» Work request
Every line from the one with "Detailaufnahme BDeh 1/2" to the one with "Glucophage (Metforminhydrochlorid)", including those two, is to be copied exactly; all other lines of the entries below are left out.

» Material provided
════════
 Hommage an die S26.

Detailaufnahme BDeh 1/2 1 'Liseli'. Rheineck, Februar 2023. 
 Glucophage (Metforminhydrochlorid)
════════
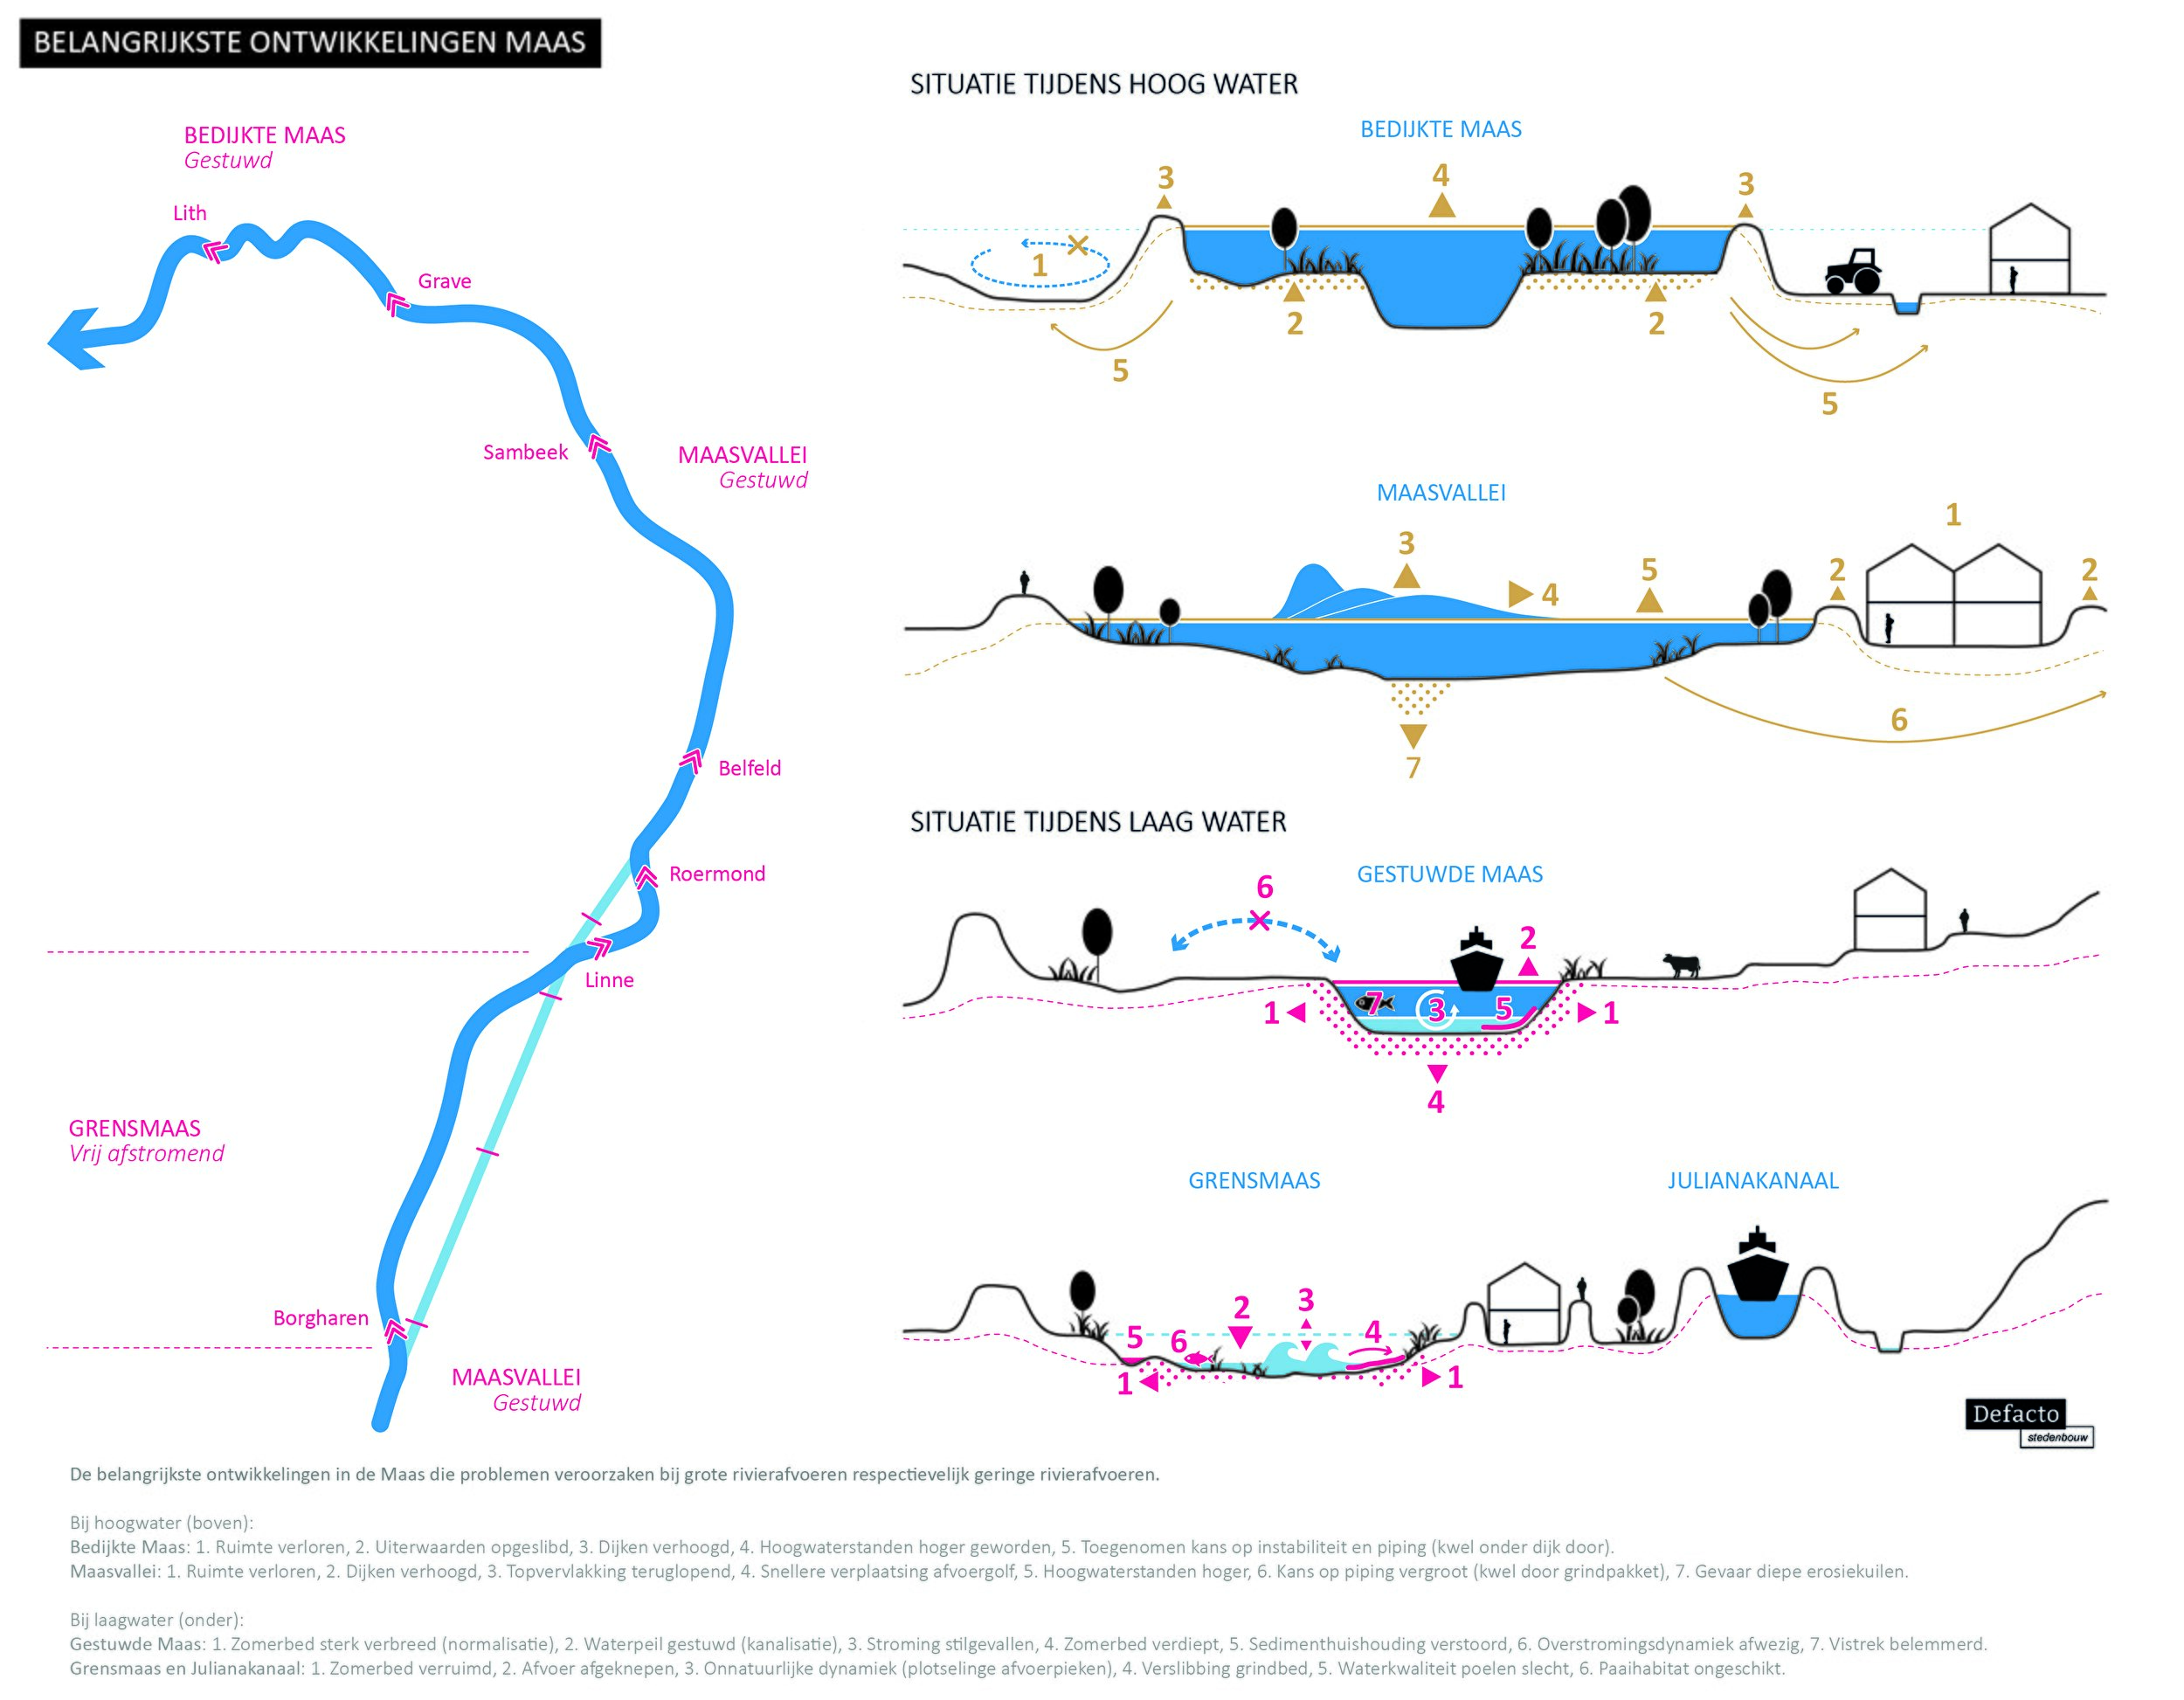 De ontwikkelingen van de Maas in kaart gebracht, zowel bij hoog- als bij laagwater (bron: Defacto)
════════
» Reply
Detailaufnahme BDeh 1/2 1 'Liseli'. Rheineck, Februar 2023. 
 Glucophage (Metforminhydrochlorid)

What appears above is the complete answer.